Ты ищешь славы в доблестном бою,
А смерть найдешь — тебя же и помянут
Позорною хулой за славный подвиг.
Обессиленный, Брылев замолк и стоял с опущенными руками, глядя на жалкое свое отражение в зеркале. В какие-то секунды ему вдруг показалось, что в зеркале не он, Корней Брылев, а совсем незнакомый ему человек с воспаленными белками глаз и всклокоченной седой шевелюрой.
И снова, как бы с мольбой обращаясь к своему отражению, он продолжал читать охрипшим, надсадным голосом:
Как часто доблесть клеветой встречают!
И, что всего ужасней, ты покорно
Несправедливость вынужден сносить!..
О дети! Мир на мне прочесть бы мог
Всю эту повесть. От мечей врага
Я весь в рубцах…
Продолжительная актерская пауза, в течение которой на лице Брылева сменилось несколько выражений — то злобы, то отчаяния, то глубокого страдания, — закончилась, и слова заклинания тихо и безнадежно прозвучали в маленькой комнатке:
…Клянусь, за мною не было вины,
Но два лжеца монарху нашептали,
Что с Римом в тайный сговор я вступил,
И клевета их восторжествовала
Над честностью моей. Меня изгнали…
Неожиданный и резкий стук в дверь оборвал монолог: Брылев испуганно вскинул голову.
— Прошу…
Вошел Кораблинов.
Брылев от удивления попятился к стене и широко развел руками.
— Кого я вижу?! Ты ли, старина?.. Пожаловал в мои чертоги?
Кораблинов стоял в дверях, не решаясь проходить в комнату. Казалось, сделай он два шага вперед, и комнатка Брылева будет до отказа заполнена.
— Я слышал из коридора, ты, кажется, читал Белария из «Цимбелина»?
— Ты не ошибся. Шекспир — моя молитва.
Брылев поспешно пододвинул Кораблинову стул. Но, увидев в кармане его плаща бутылку коньяка, сразу вспыхнул, поспешно выхватил ее и поставил на стол.
— Сергей!.. Ты гений!.. — И бросился к шкафчику с разнокалиберной посудой. Достал рюмку и большой фужер, протер их наспех вафельным полотенцем и распечатал коньяк. — Ты, кажется, сегодня… уже?..
— Да… С самого утра. А точнее, со вчерашнего вечера.

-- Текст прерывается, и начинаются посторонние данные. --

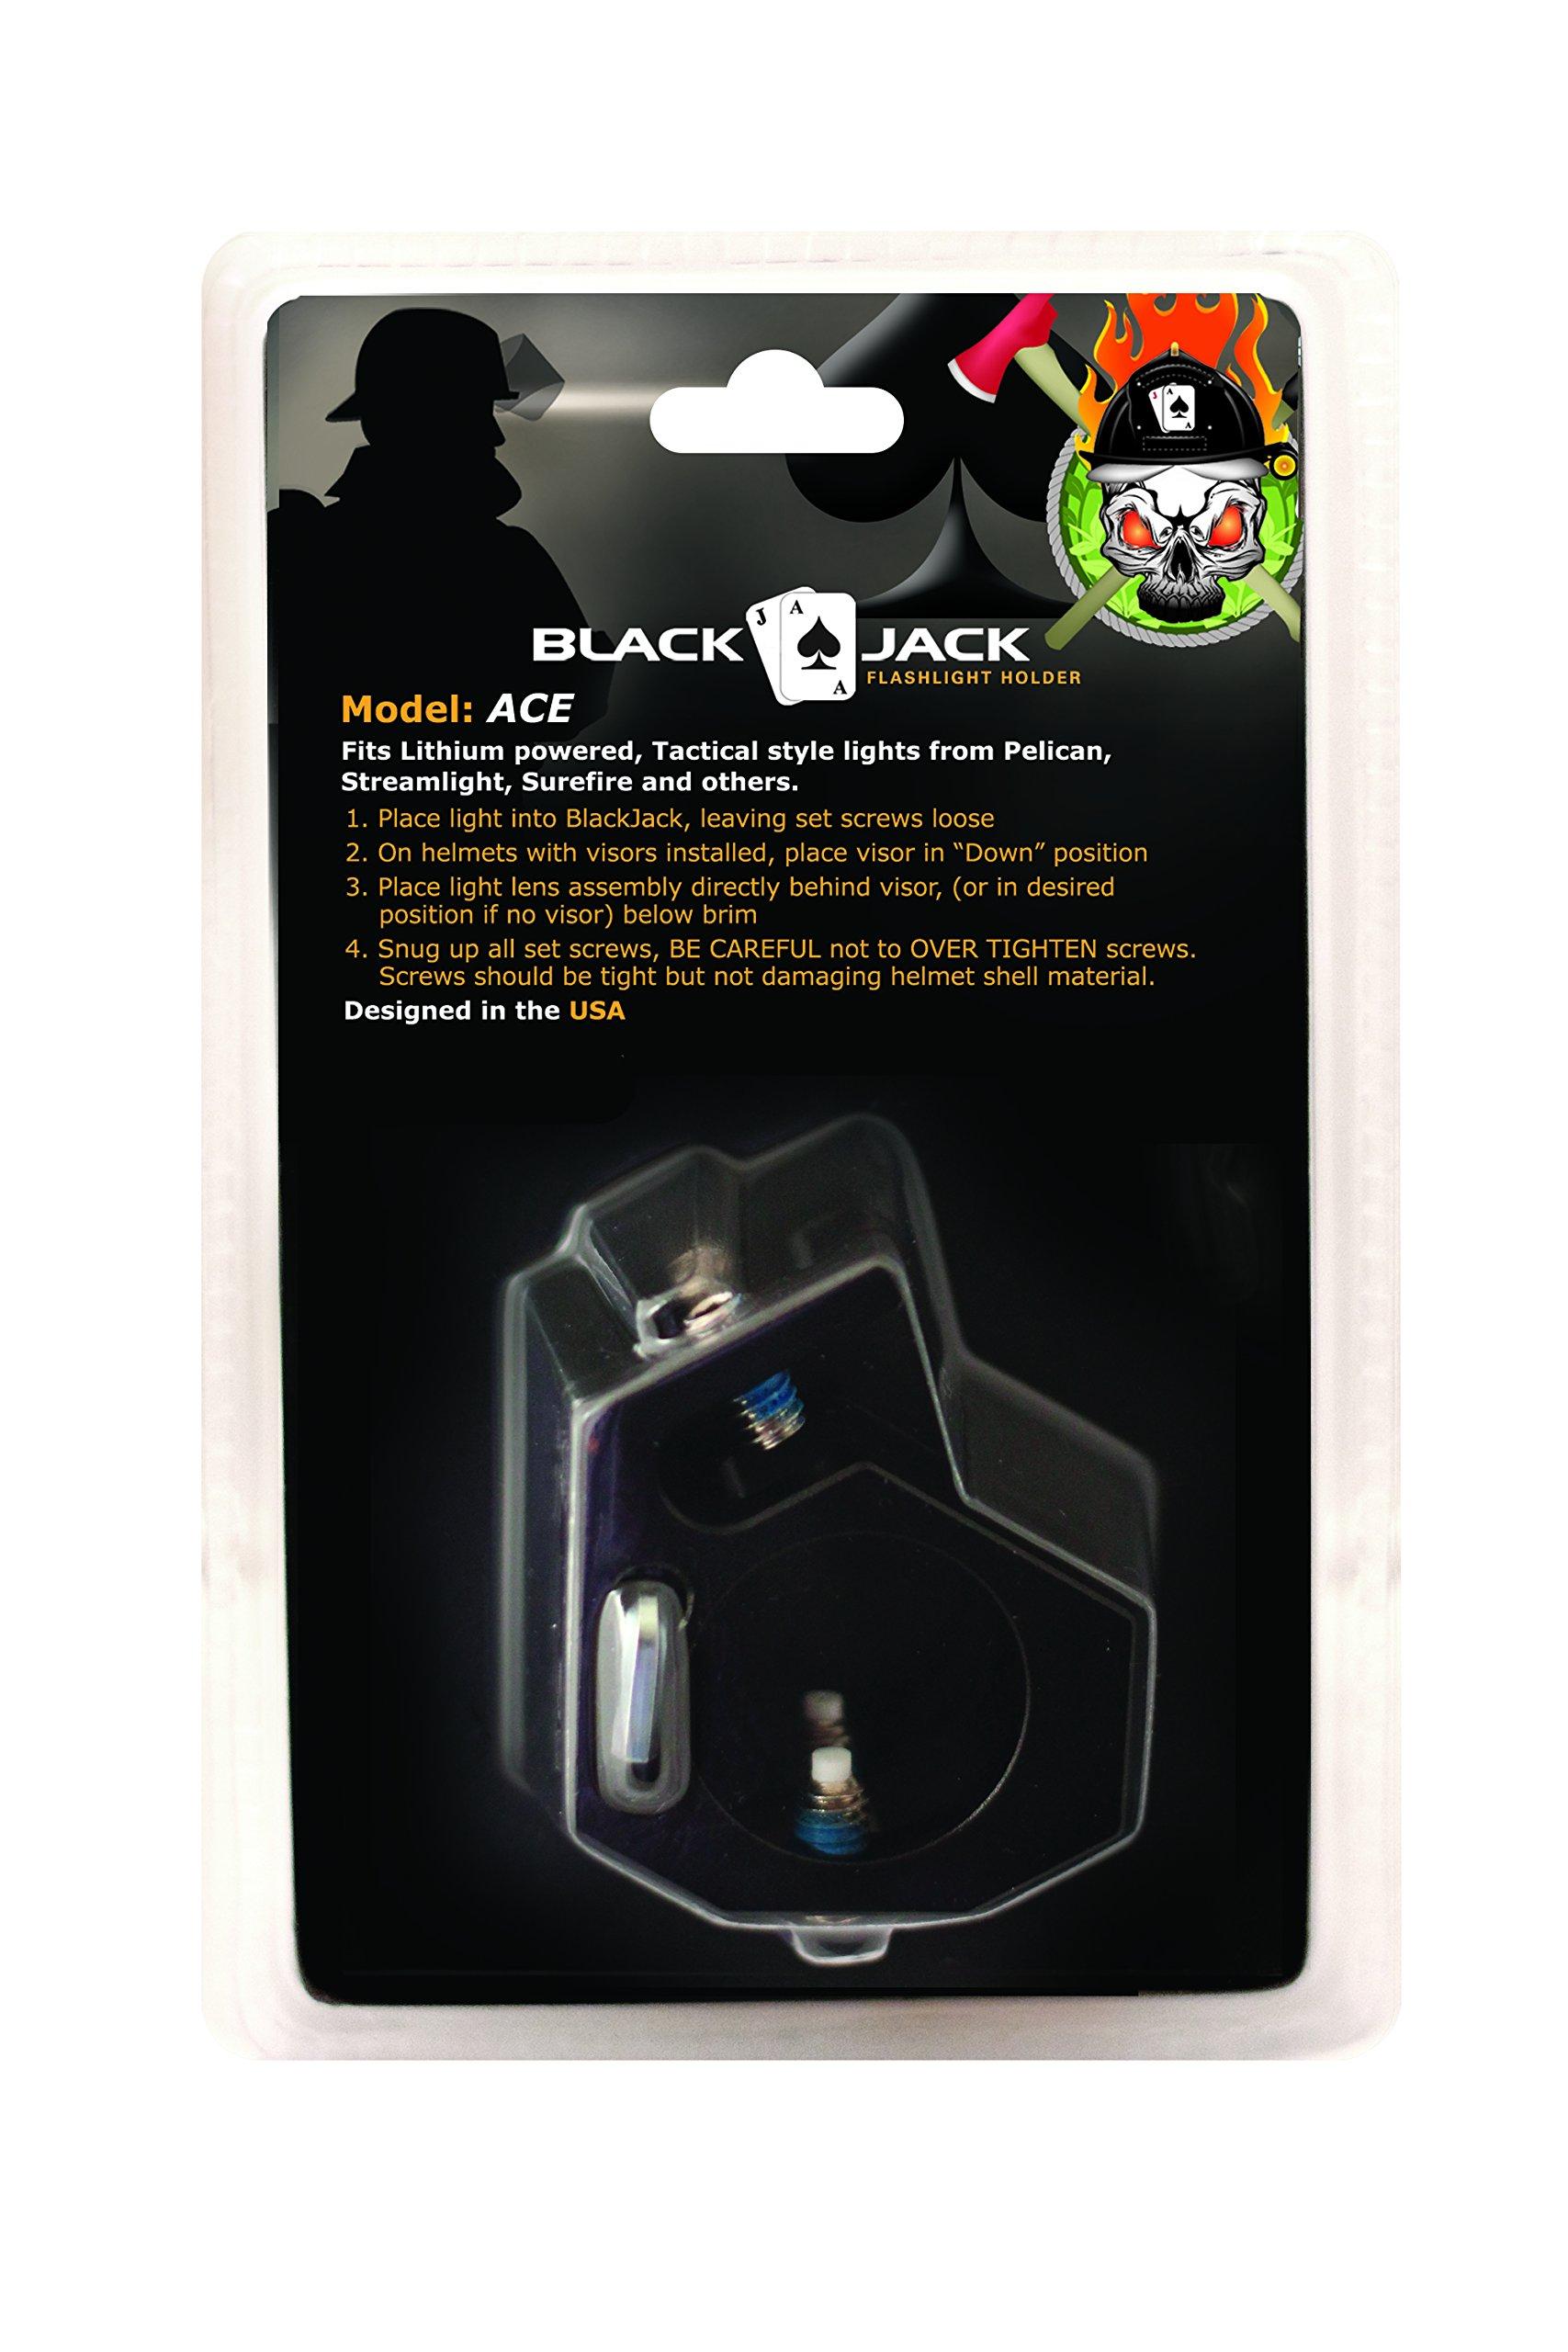 Blackjack ACE Firefighter Helmet Aluminum Flashlight Holder by Blackjack Fire & Safety (Image #2)

Брылев налил рюмку, перелил ее в фужер, снова наполнил рюмку и подал Кораблинову.
— Садись, чего стоишь?
— Спасибо, постою.
— Твое здоровье!..
Брылев выпил и горько поморщился.
— Поставить чайничек? Другим угостить ничем не могу.

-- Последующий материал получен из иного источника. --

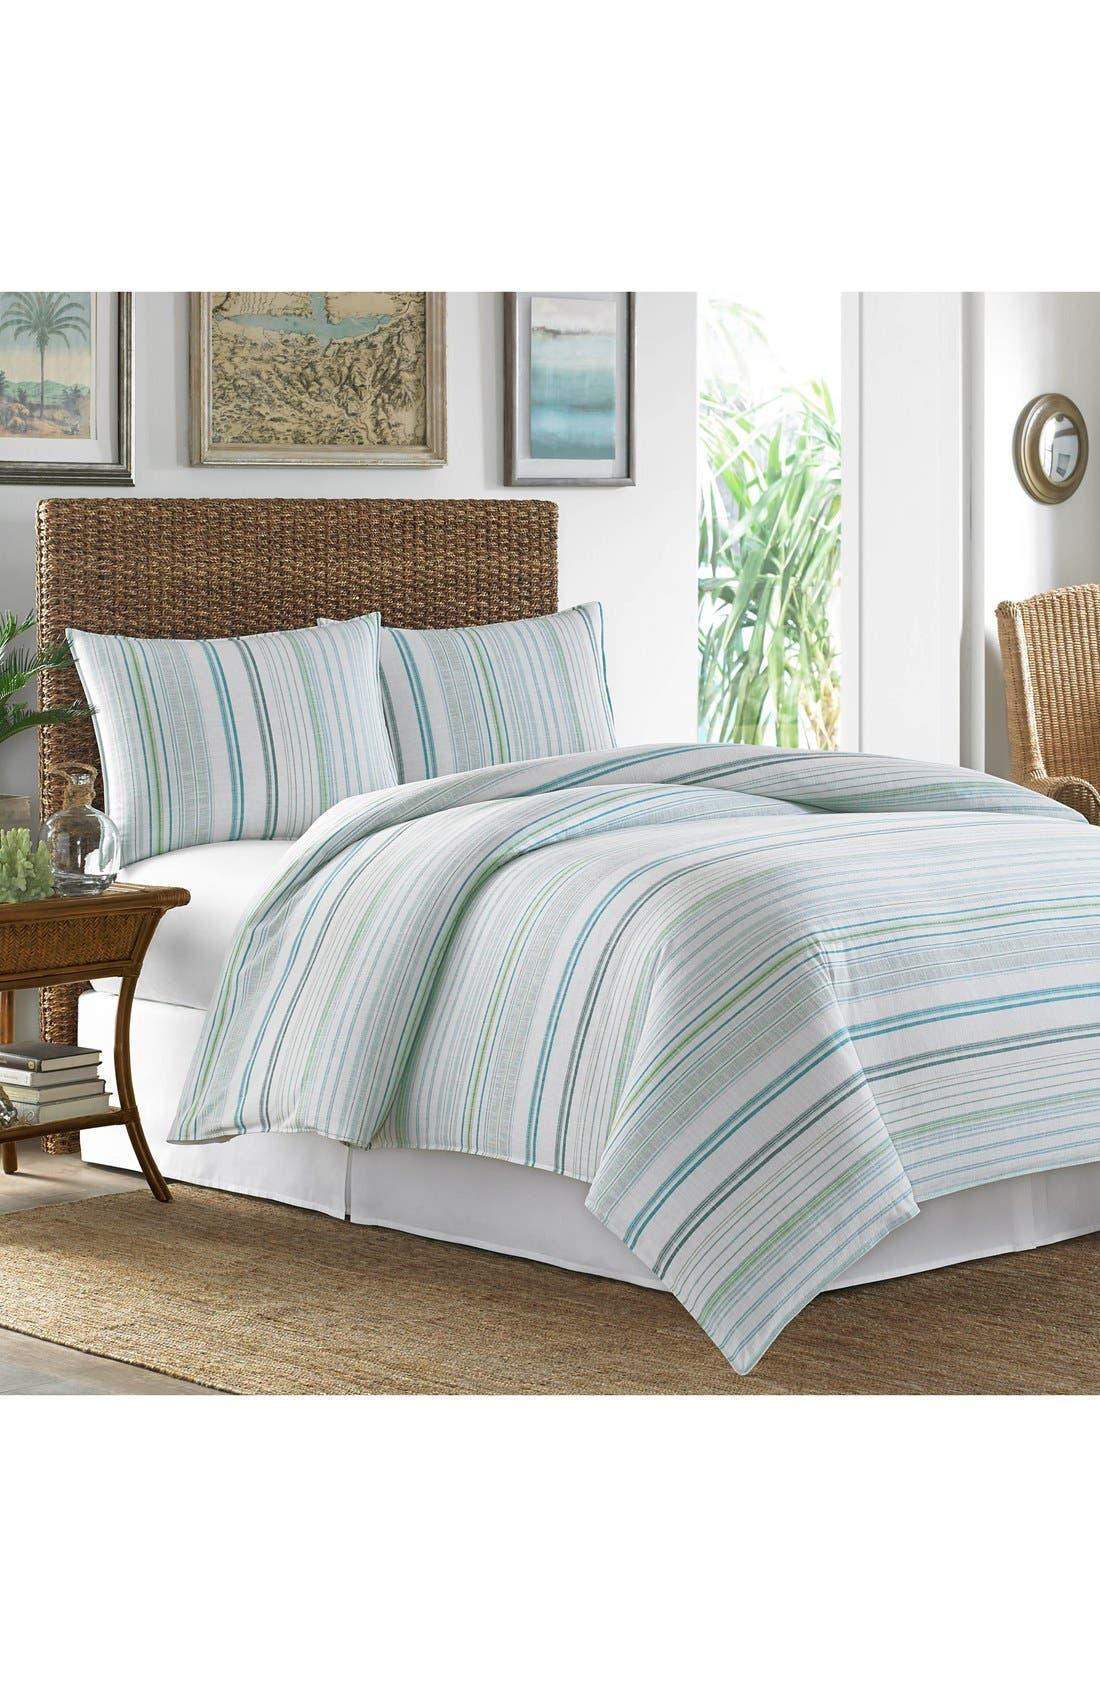 La Scala Breezer Comforter, Sham & Bed Skirt Set,                         Main,                         color, Seaglass

— Не нужно, Корней… Ни-че-го не нужно.
— Что-нибудь случилось?
— Случилось… — выдохнул Кораблинов и медленно выпил коньяк.
— Я слушаю тебя, Сергей. И если чем могу помочь… — Брылев сделал театрально широкий жест и поднес правую ладонь к груди.

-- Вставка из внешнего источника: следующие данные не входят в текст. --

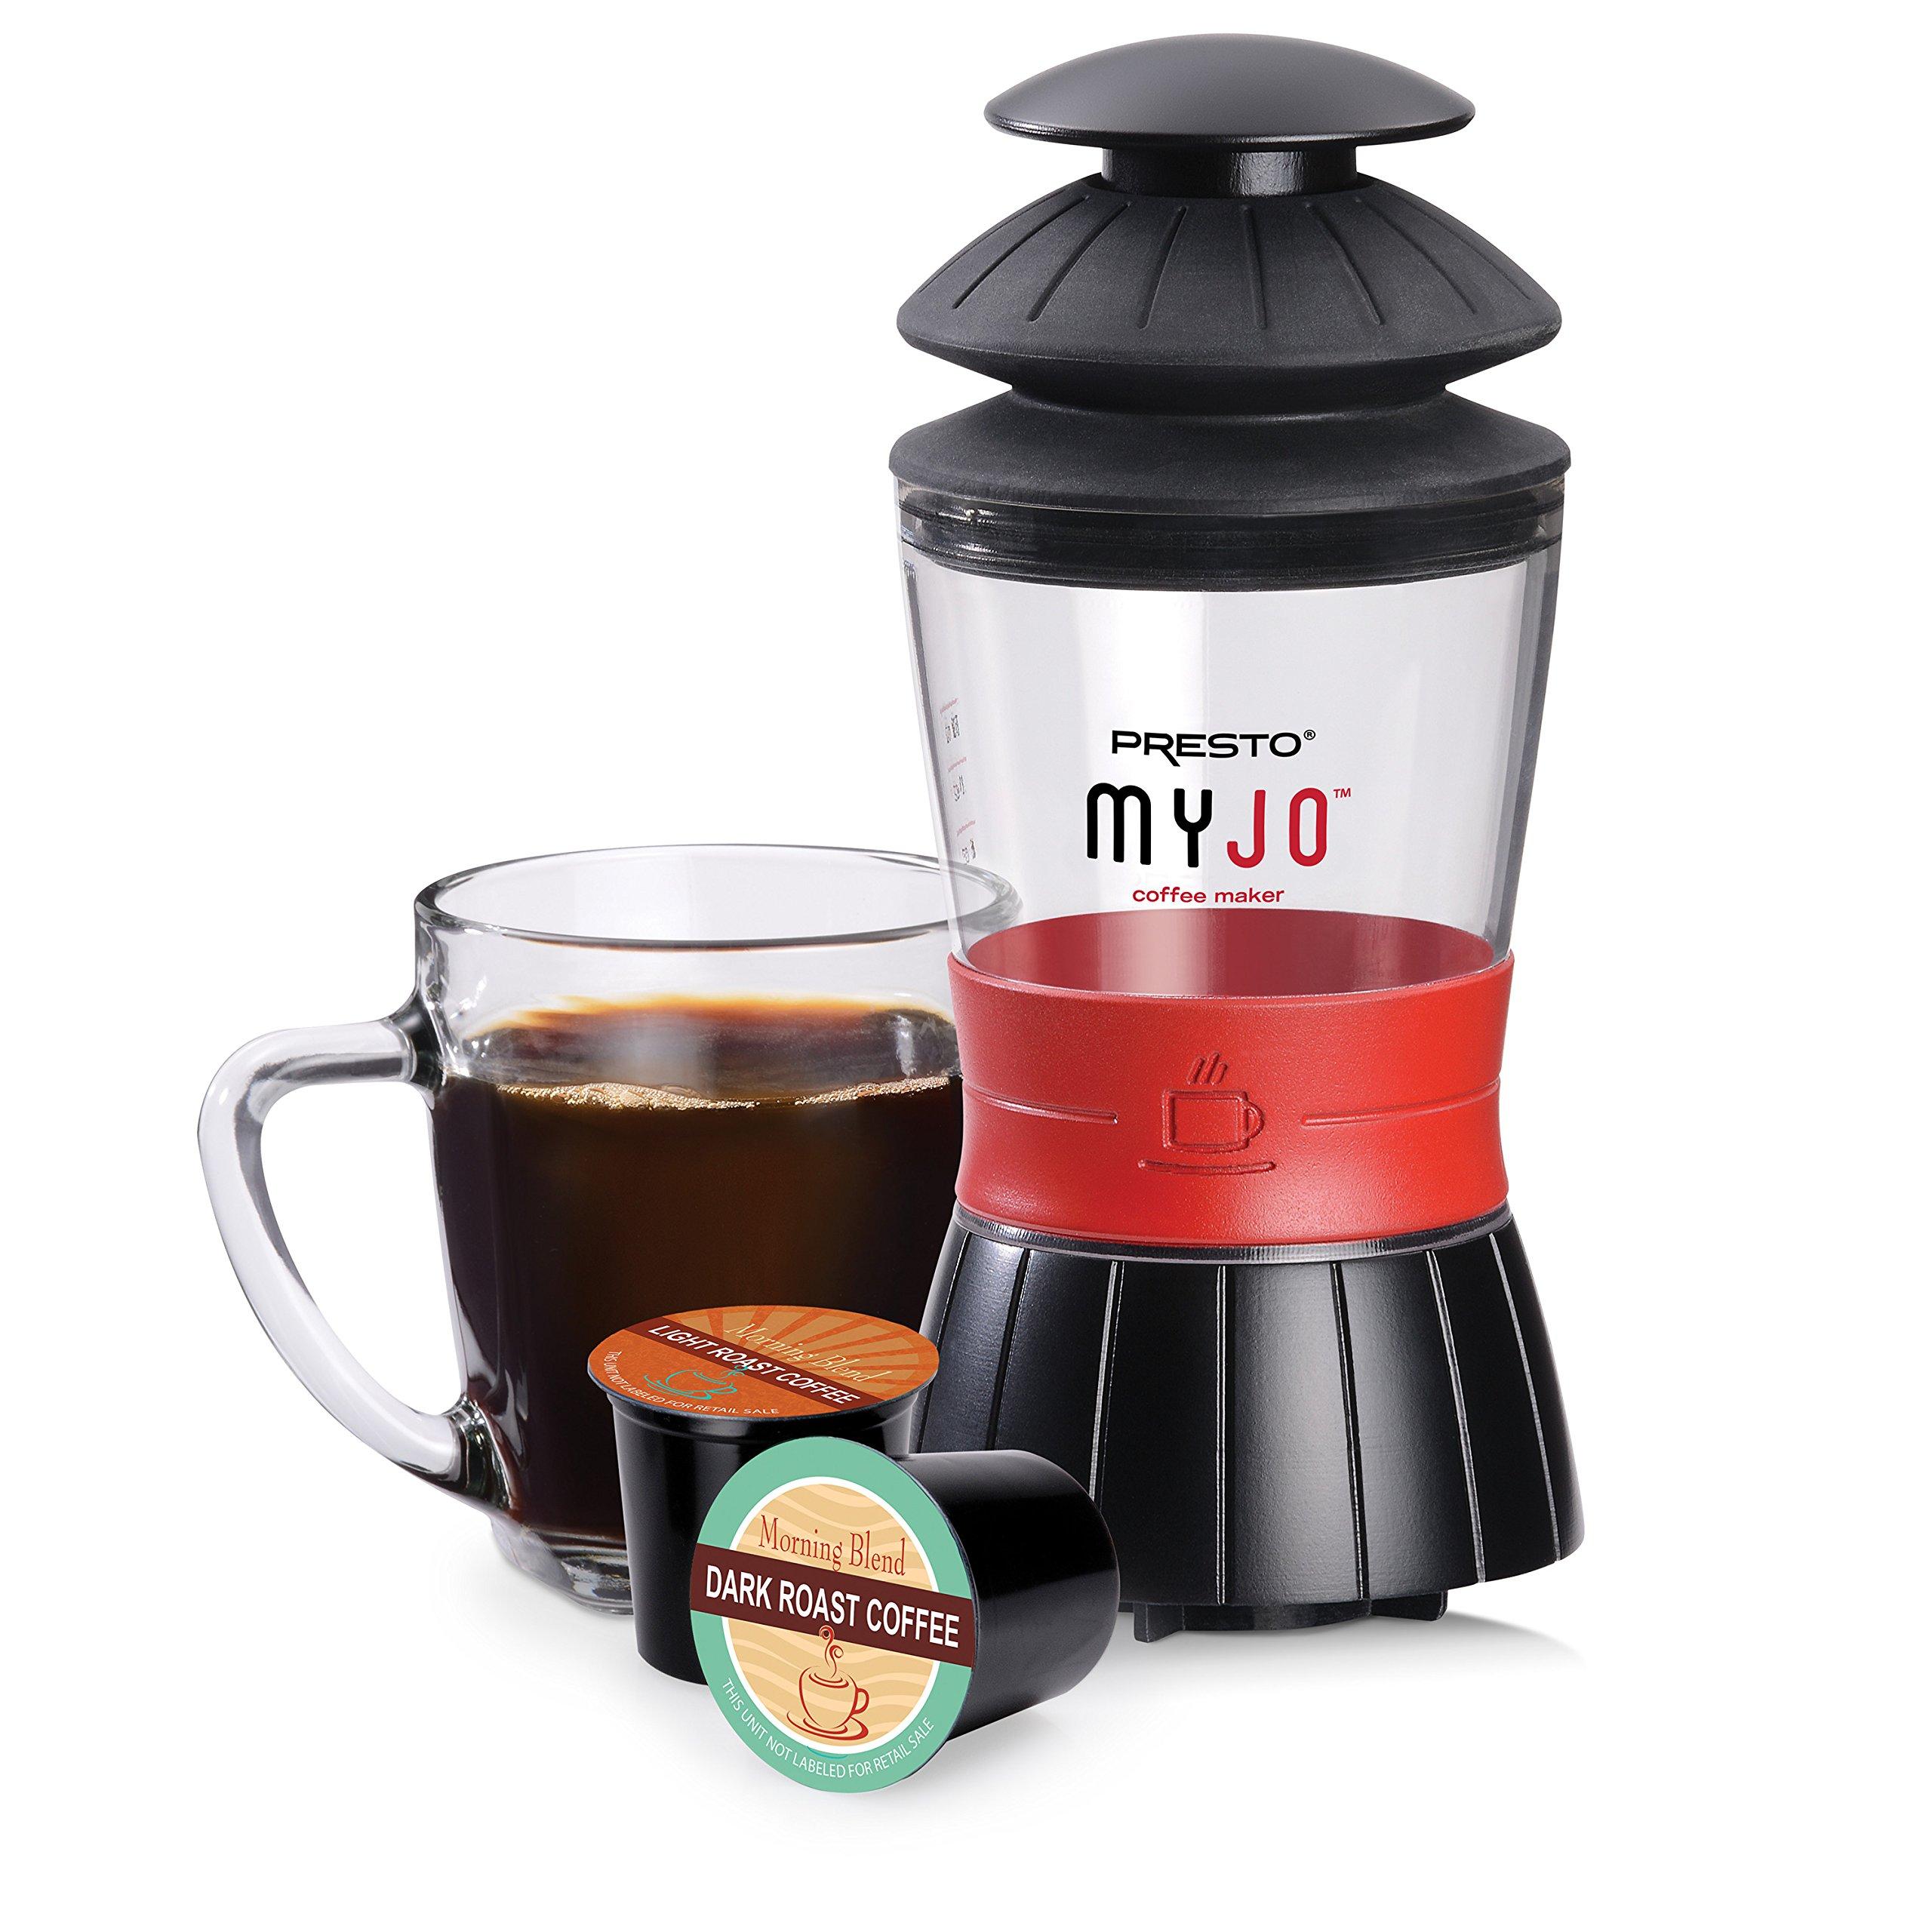 Presto 02835 MyJo Single Cup Coffee Maker by Presto (Image #2)

— Скажи, Корней, мы старики или нет?
Пока еще не догадываясь, чем так взволнован Кораблинов, Брылев попытался отделаться шуткой:
— О!.. Вон ты, мамонька, куда загнул! Я это понял лет десять назад.
— Что ты понял? — глядя в упор на Брылева, резко спросил Кораблинов.
— Что песенку свою мы спели. Пусть внуки наши к солнцу простирают руки. А нам… Нам пенсию, лежанку и кефир. Ну, а таким, как я, кефир не обязателен. Желудок мой кефир не принимает. — Брылев налил коньяку в рюмку и в свой фужер. — Тебя как бог послал ко мне. С завтрашнего дня каждый вечер буду читать перед сном Белария из «Цимбелина». Письмо мое получил?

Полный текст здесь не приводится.